Island life is as idyllic as it comes. The Isles of Scilly, particularly, are well known for their Mediterranean waters, community spirit and out-of-season peace. It’s certainly a wonderful environment for young people to grow up in.
However, there’s always one thing on the minds of students at Five Islands Academy, the Scilly Isles’ only school, which caters for 265 young people from Reception (5+) to Year 11 (age 16). And that’s the move to further education – on the mainland.
A unique situation
Young people who live on the Isles of Scilly find themselves faced with a unique situation; no post 16 provision. So, the Islands’ careers leaders have to think differently.
“Your first day at college, shouldn’t be your first day at college,” explains Tim Garratt, Lead Teacher of Science and Aspirations Lead, who has been at Five Islands Academy since 2009. “And that’s essentially the point of this aspect of student life at Five Islands; preparing for that first day.”
There are apprenticeships available on the islands but, at 16, most Isles of Scilly children must leave the island to pursue education in one way or another – and families and education providers are aware of this critical moment.
So, throughout their later years at school, students on the Isles of Scilly undertake various journeys to the mainland to get a feel for life off the islands. For some – ‘more than you’d think’, Tim notes – it is the first time off-island without their families.
“It’s essential that we offer real life experiences of how to navigate life in further education, as well as learning opportunities,” Tim continued.
“There are critical skills needed to navigate life on the mainland that those who don’t live on the islands may take for granted, such as organising bus journeys and finding lecture theatres on big campuses.”
Guided, not led
The project, in partnership with the Cornwall and Isles of Scilly Careers Hub, involves repeated journeys over time using the Scillonian (the ferry service from Penzance to the Islands) and local train and bus routes in Cornwall – over years, potentially – so that the students know what to expect when the time comes. During these visits, students practice all manner of essential skills, from organising journeys and buying tickets to timekeeping and financial planning.
“It’s about becoming familiar with those methods of transport,” Tim said. “At the start of this journey, some students may be using public transport for the very first time. There’s a lot to learn, and for some these are big barriers.”

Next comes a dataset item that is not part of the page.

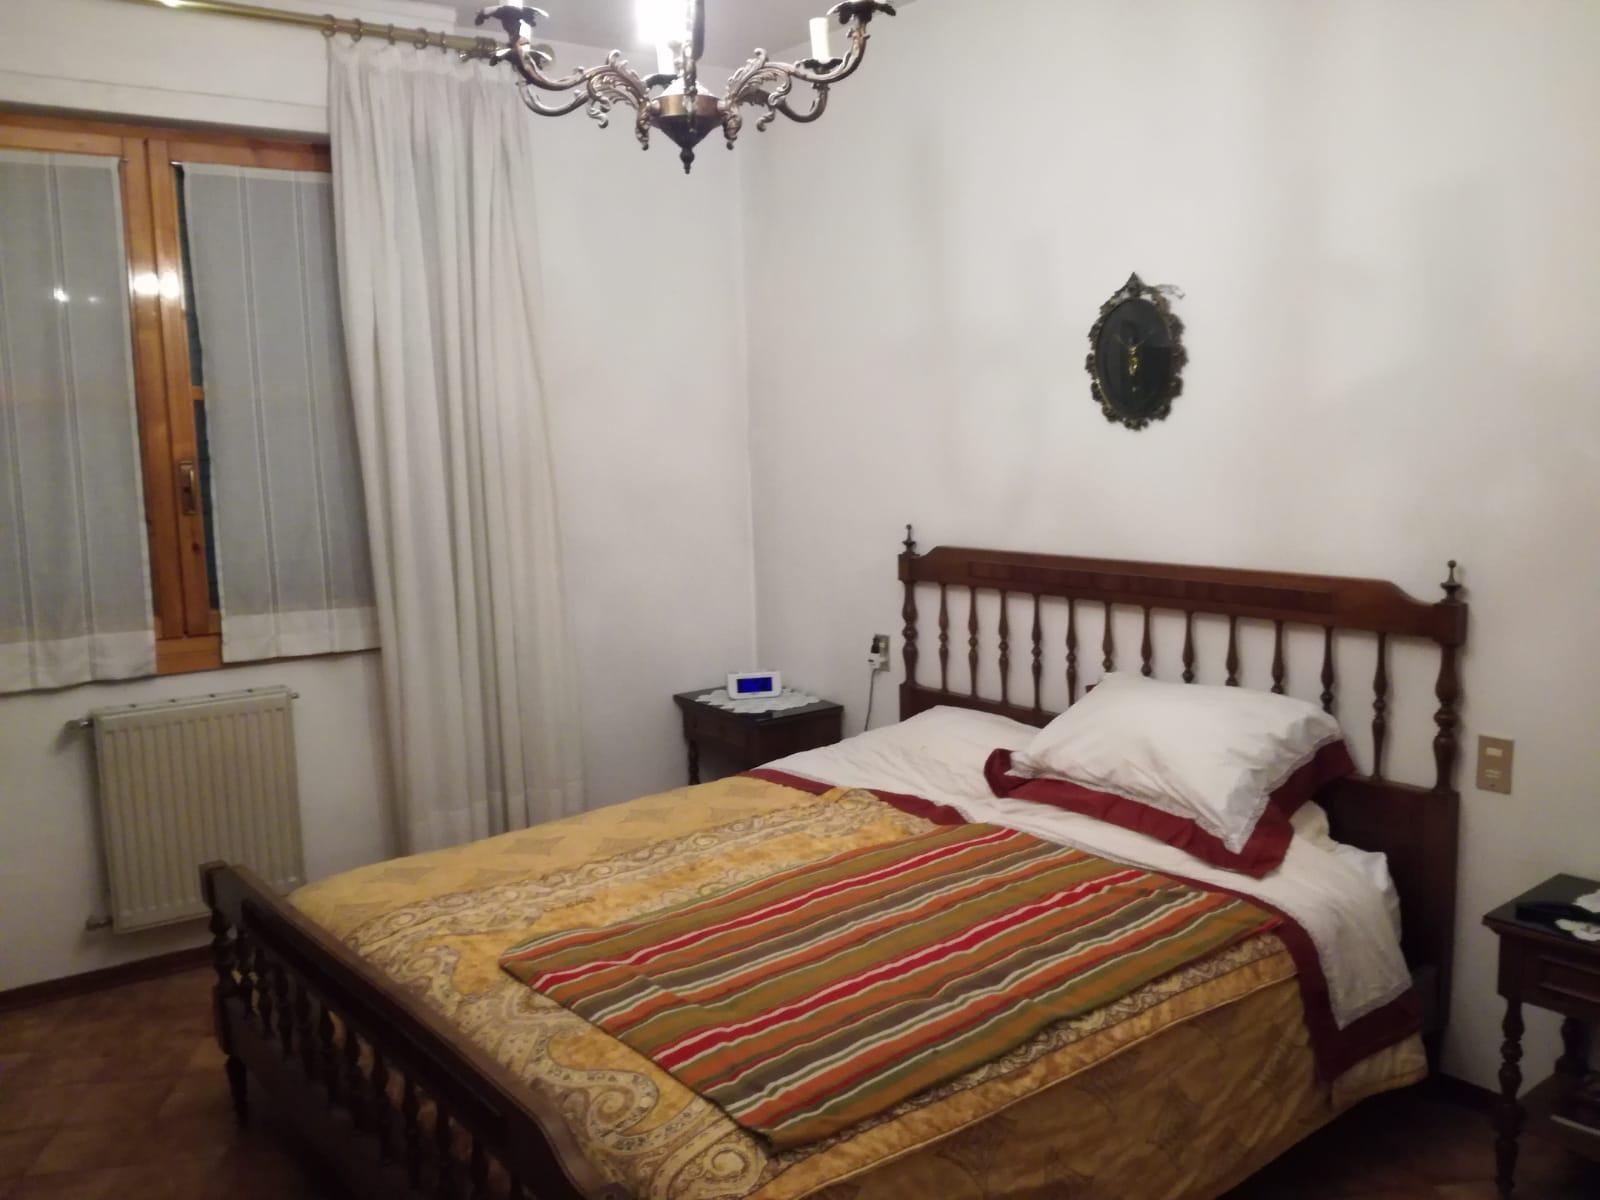 VIA SESTINI,PISTOIA,51100,2 Bedrooms Bedrooms,1 BagnoBathrooms,Appartamento,VIA SESTINI,1446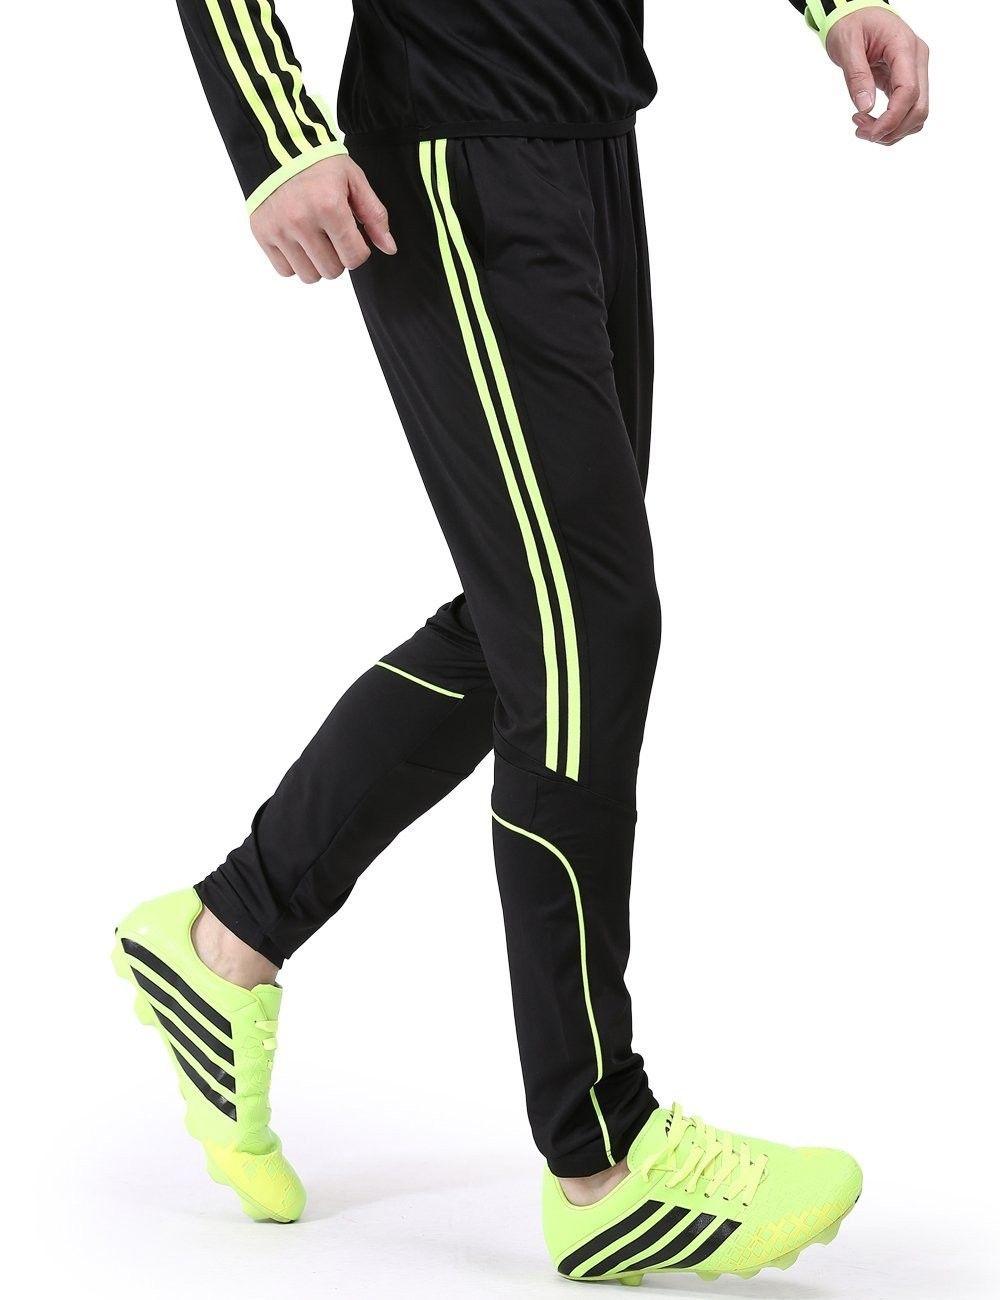 Soccer Athletic Training Pants Pants0002 Green M Green

The trip is split into two very different but both vitally important days. The first is spent experiencing different education provision, such as apprenticeships, BTEC and A levels, with visits to Truro College and Falmouth Marine School. The second day focusses on planning food and transport around Cornwall.
And Tim is clear on one key element; students are ‘guided, not led.’
“A lot of the choices made throughout the two-day visit to the mainland are made independently,” he said. “That could be which bus to take, or where and what to eat.”
“Yes, they’re placed into a position that is entirely trusted and safe. However, it’s important we give them the opportunity to be held responsible and accountable for the choices they make, just as they will be when the time comes to attend college.”
Maturing with each step
The trip – which typically ends with the group planning, prepping, and serving a meal together – sees staff and students stay at a Youth Hostel in Perranporth.
“It’s a great geographical link to the islands,” Tim said. “It’s important these young people still feel connected to the sea, which plays a huge part in their daily lives.”
There’s an ‘inevitability’, Tim concludes, which means these children need support like this from external stakeholders to reach their next steps. “This programme has allowed us to access funding for ventures we know we need,” he added.
14% of students asked said they were ‘worried’ about going to the mainland for post 16 education before the trip – but all agreed they were either ‘not bothered’ or ‘excited’ following their visit.
“And you see them physically maturing with each step they take,” he said “Suddenly they find themselves in situations where they have no choice but to interact, get involved. Leaving the Islands as school children and joining a classics lecture at university.”
“It’s incredible to watch. Everyone goes through that process.”